Noxious stimuli may also affect pEEG parameters. However, at best, this surrogate is challenging to assess reliably, and more effective nociception monitors are available [147, 148]. Critical care staff must also be aware that targeting pEEG levels in ECMO sedation will not necessarily guarantee immobility, which might occasionally be necessary.

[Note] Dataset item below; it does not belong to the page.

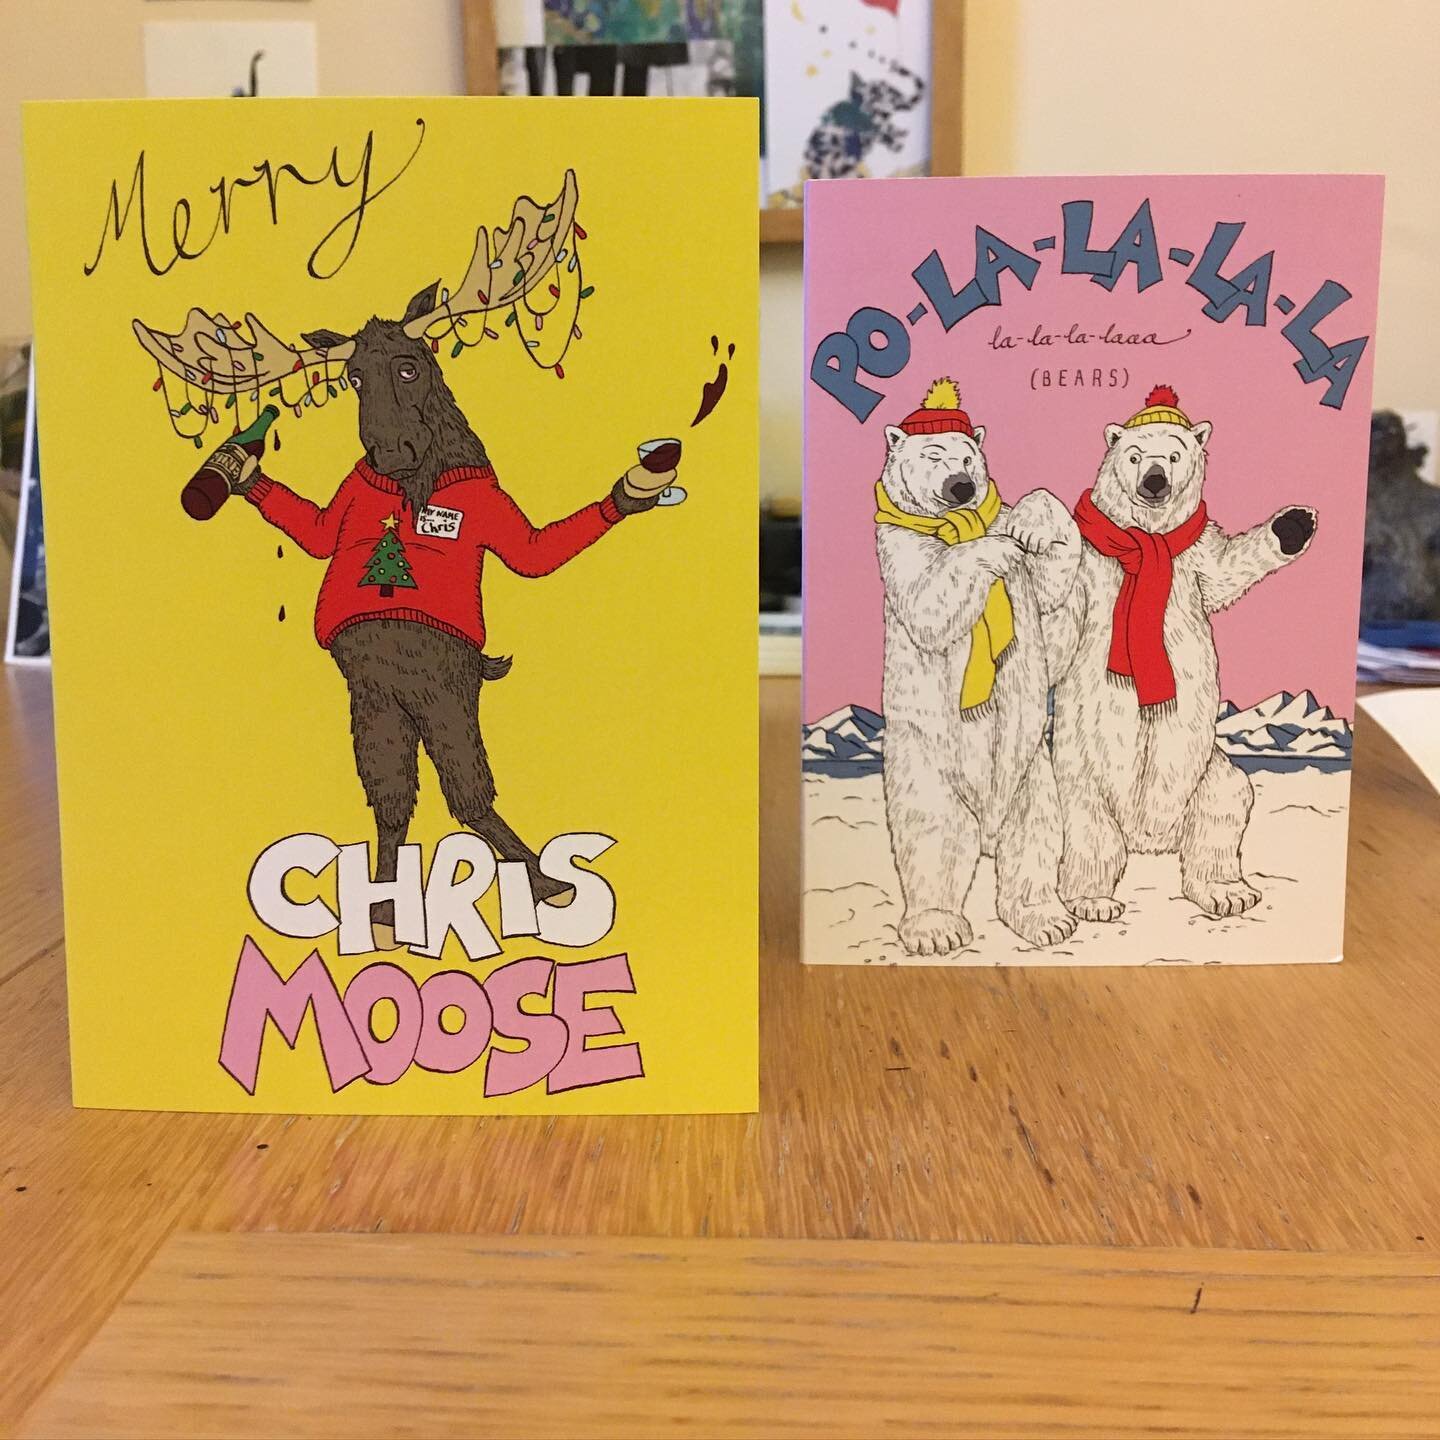 Lads! Christmas cards are back in stock! Now available in packs of 10, so for the first time this year you can choose MORE THAN SIX FRIENDS!! Get em while they&rsquo;re hot (or just, y&rsquo;know, before Christmas).

Figure 2 summarises the potential advantages, barriers and uncertainties regarding pEEG sedation monitoring in VV-ECMO care.

Fig. 2.

Potential roles and barriers of pEEG sedation monitoring in ECMO. The benefits and barriers of pEEG sedation monitoring in VV-ECMO may differ in their impact, with some aspects being more significant than others

Strengths and limitations

The strengths of this narrative review include the substantial literature search and a comprehensive approach to mapping evidence, as well as the identification of knowledge gaps, theories, and key factors related to the concept of VV-ECMO sedation and pEEG sedation monitoring in VV-ECMO care. While this review primarily addresses VV-ECMO sedation, it also includes relevant details from studies related to general ICU and VA-ECMO populations when discussing transferrable concepts to ensure a comprehensive overview. The limitations are the lack of specific studies investigating the pEEG monitoring during VV-ECMO and the wide variety of literature providing information about ECMO and pEEG sedation monitoring separately.

Conclusion

Sedation during VV-ECMO therapy poses several challenges. VV-ECMO alters the pharmacokinetics of sedatives, and the unique needs of this patient population make it difficult to accurately assess, conduct and monitor sedation using traditional scoring methods. Although pEEG monitoring is gradually becoming a standard clinical practice in general critical care, there is no established evidence for its use in VV-ECMO therapy. Despite the lack of hard evidence, using pEEG for sedation monitoring in ECMO care has been advocated and supported in the literature [7, 113, 149–151]. Given its proven utility in other populations and the absence of significant contraindications, the authors believe pEEG monitoring should be routinely implemented in all ECMO cases. However, while it has never been considered ineffective or unsafe, nationally endorsed ECMO guidelines in the United Kingdom have yet to recommend pEEG-based sedation monitoring specifically for ECMO care.

Therefore, there is a clear need for further research to clarify the advantages and limitations of pEEG monitoring in this setting. Future research should aim to establish optimal and safe pEEG targets for ECMO sedation, develop protocols that minimise the use of sedatives and opioids facilitating sedation weaning, and correlate specific pEEG changes with neurological outcomes and age-related changes. Integrating pEEG with other monitoring methods, such as near-infrared spectroscopy, may be particularly beneficial. In the future, machine learning or artificial intelligence-based models that synthesise multiple physiological signals (e.g., pEEG, ECMO parameters, near-infrared spectroscopy, vital signs, and blood gas data) might have the potential to improve outcome predictions. Finally, additional studies are needed to evaluate the cost-effectiveness of pEEG and its impact on clinical workflows in resource-intensive ECMO settings.

Supplementary Information

Below is the link to the electronic supplementary material.

Data availability

This article is a narrative review and does not involve generating or analysing original research data. All information presented in this article is derived from publicly available literature sources (described in the methods section), which are appropriately cited in the reference list. Therefore, a data availability statement is not applicable.